On Torgau-field, behind that final Prussian half-moon, there reigned, all night, a confusion which no tongue can express. Poor wounded men by the hundred and the thousand, weltering in their blood, on the cold wet ground; not surgeons or nurses, but merciless predatory sutlers, equal to murder if necessary, waiting on them and on the happier that were dead. "Unutterable!" says Archenholtz; who, though wounded, had crawled or got carried to some village near. The living wandered about in gloom and uncertainty; lucky he whose haversack was still his, and a crust of bread in it: water was a priceless luxury, almost nowhere discoverable. Prussian Generals roved about with their staff-officers, seeking to reform their battalions; to little purpose. They had grown indignant, in some instances, and were vociferously imperative and minatory; but in the dark who need mind them? -they went raving elsewhere, and, for the first time, Prussian word of command saw itself futile. Pitch darkness, bitter cold, ground trampled into mire. On Siptitz Hill there is nothing that will burn: farther back, in the Domitsch Woods, are numerous fine fires, to which Austrians and Prussians alike gather: "Peace and truce between us; to-morrow morning we will see which are prisoners, which are captors.
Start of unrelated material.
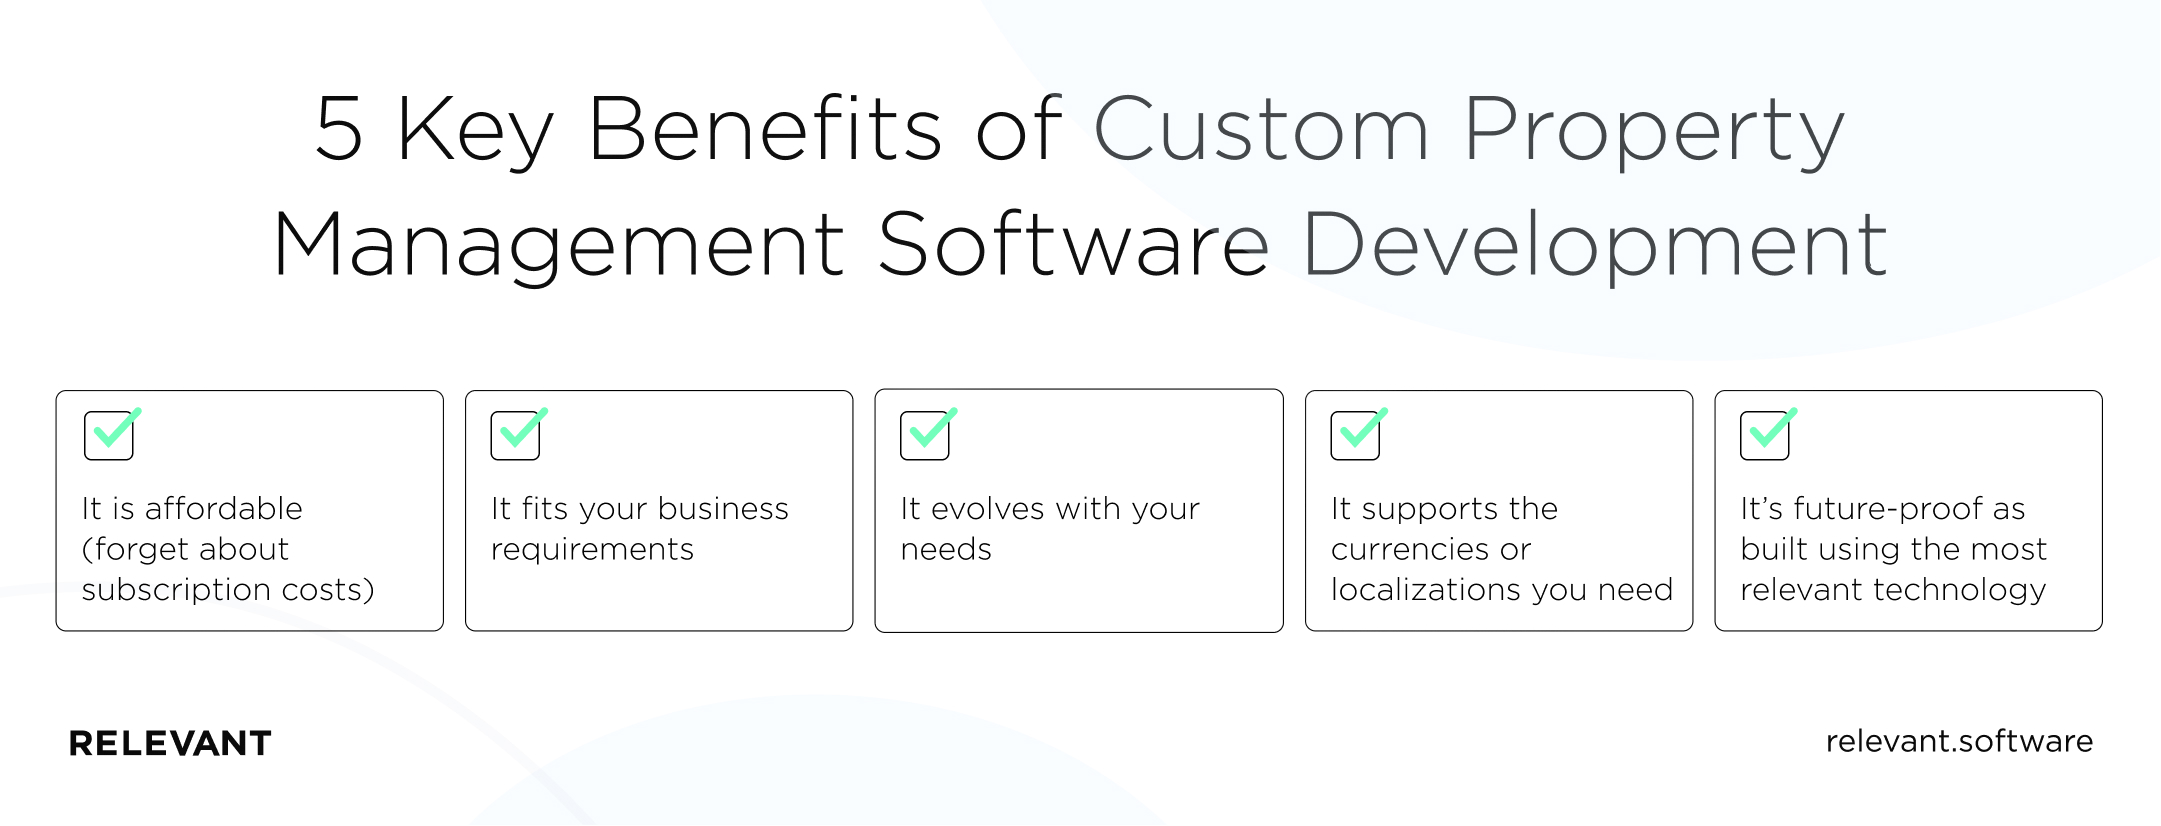 5 Key Benefits of Custom Property Management Software Development

So pass the wild hours, all hearts longing for the dawn, and what decision it will bring.

Friedrich, at Elsnig, found every hut full of wounded, and their surgeries, and miseries silent or loud. He himself took shelter in the little church; passed the night there. Busy about many things;-" using the altar," it seems, "by way of writing-table [self or secretaries kneeling, shall we fancy, on these new terms?], and the stairs of it as seat." Of the final Ziethen-Lestwitz effort he would scarcely hear the musketry or cannonade, being so far away from it. At what hour, or from whom first, he learned that the battle of Torgau had

become victory in the night-time, I know not: the anecdote books send him out in his cloak, wandering up and down before day-break; standing by the soldiers' fires; and at length, among the woods, in the faint incipiency of dawn, meeting a shadow which proves to be Ziethen himself in the body, with embraces and congratulations:-evidently mythical, though dramatic. Reach him the news soon did; and surely none could be welcomer. Headquarters change from the altar-steps in Elsnig Church to secular rooms at Torgau. Ziethen has already sped forth on the skirts of Lacy; whole army follows next day; and, on the war-theatre it is, on the sudden, a total change of scene. Conceivable to readers without the

details.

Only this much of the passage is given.